How are you trying to address them? Given that these challenges exist, what are the strategies you are using to address them? How does the selection of tasks, activities, strategies, resources, questions – support the learning issues identified? . What else might work?  Again, the teacher is likely to already know the things that are the normal range of activities that support learning.  An observer might have ideas too, especially if they have experience of success elsewhere that seems relevant.   And, of course, generic sets of ideas such as Rosenshine’s Principles, Teach Like a Champion or Making Every Lesson Count can offer suggestions: Is it about questioning, practice, modelling, scaffolding, explaining, retrieval activities – and so on.  The menu of possible areas is pretty standard.

What challenges do you experience in doing that?  This is the crucial bit: the acknowledgement that teaching is hard: even if we make a list of idealised learning activities and teacher inputs, they’re not always easy to implement with universal impact across the room of ‘easily-distracted schema-forming brains’ (to quote myself!) What are the challenges?  Is it about managing the behaviour whilst also engaging in questioning? Is it about the allocation of time to going over wrong answers? Is it the ever-present dilemma and worry that spending time going back feels like sacrificing the time you need to cover the curriculum fully?  Is it the challenge that some students are ready to fly while others aren’t?

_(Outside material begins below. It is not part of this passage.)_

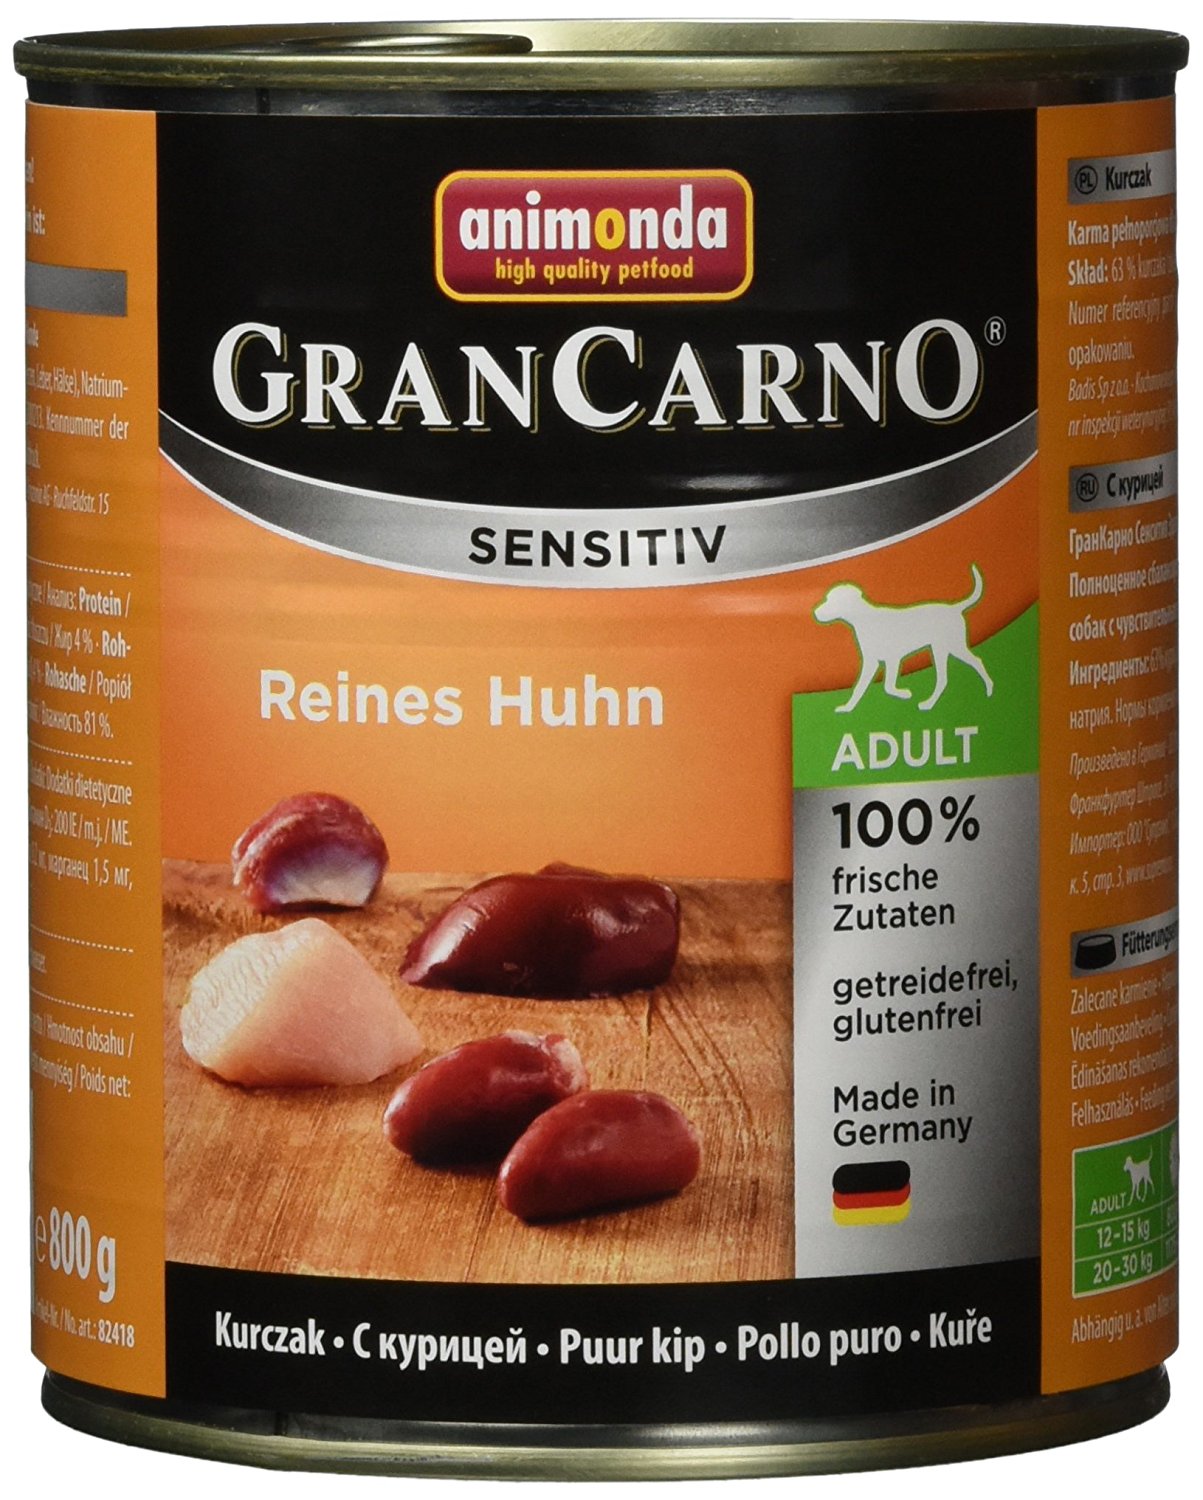 Animonda Gran Carno Hundefutter Sensitive Adult Reines Huhn, 6er Pack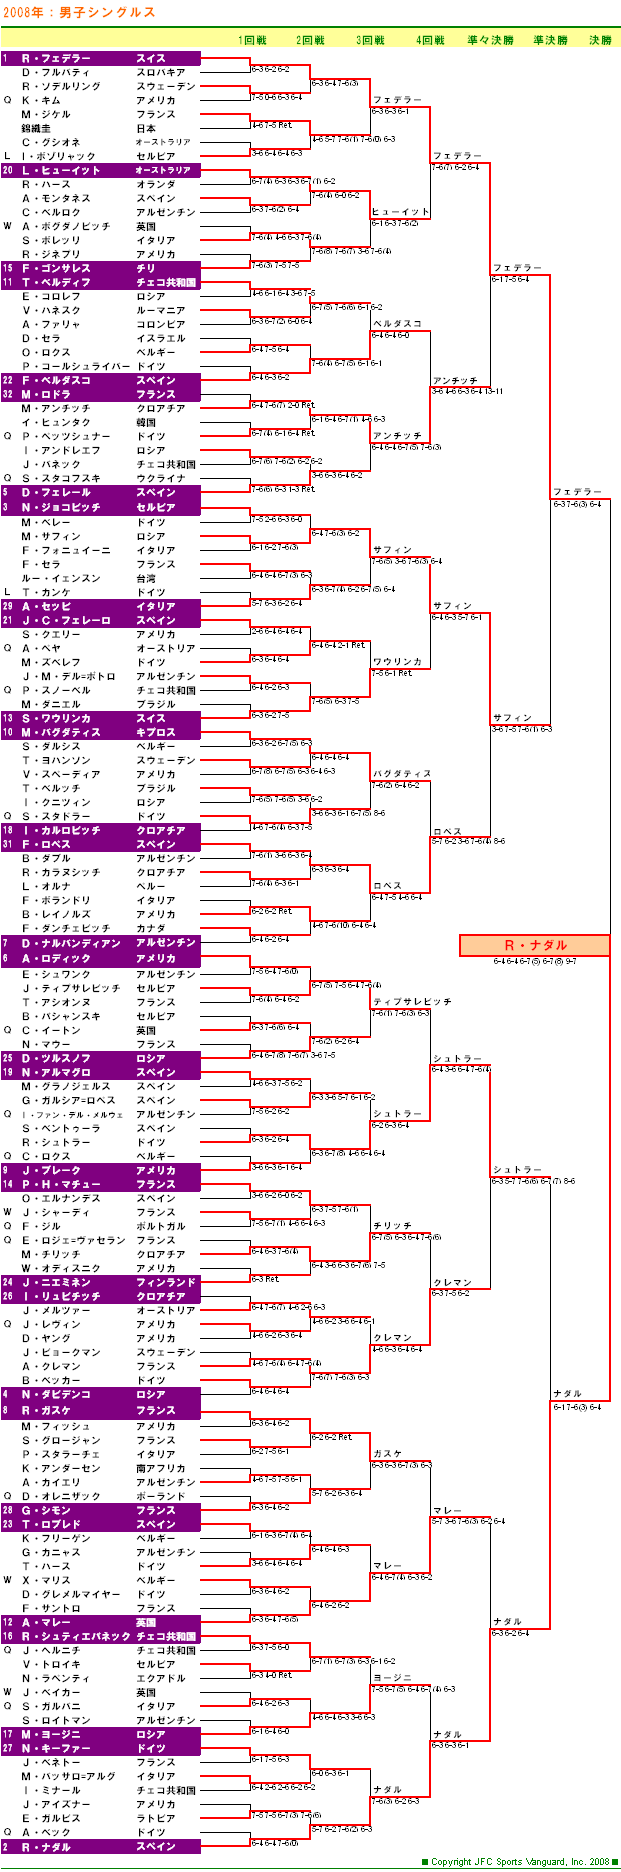 ウィンブルドンテニス2008　男子シングルスドロー表

Unless we get into the real challenges that a teacher really experiences for real, honestly and openly, then we’re not helping them.  The feedback conversation has to explore the problems the teacher themselves is trying to solve.  Of course, an observer can highlight challenges the teacher might not be aware of – but that’s how it is couched.  Instead of teacher-focused critique – ‘you are not doing X or Y’… it is student-focused:  ‘it was interesting to see that Jason and Saira were struggling with question 3 and still didn’t understand the answers provided even though most people did. Why might that be?’

Can I help you come up with some solutions?  So, finally, we reach the point where an observer’s role is to serve the teacher.  If you have expertise to bring to the discussion, it can be useful: in identifying learning problems; in suggesting possible strategies; in working through practical ways to deliver those strategies more effectively.  If a feedback conversation leaves a teacher feeling that they’ve been helped to solve problems they themselves recognise, they’re much more likely to use that information to good effect.  This is even more likely if:

  • The observer knows you so that each conversation is short but part of an ongoing one with some level of momentum.
  • The list of things to work on is short.
  • There’s precision to them, located in the details of subject content and resources.
  • Each observation is one of many carried out by the same person; teachers are known well.
  • The stakes are low.
  • There’s a sustained focus on the short list rather than continually adding new things to it.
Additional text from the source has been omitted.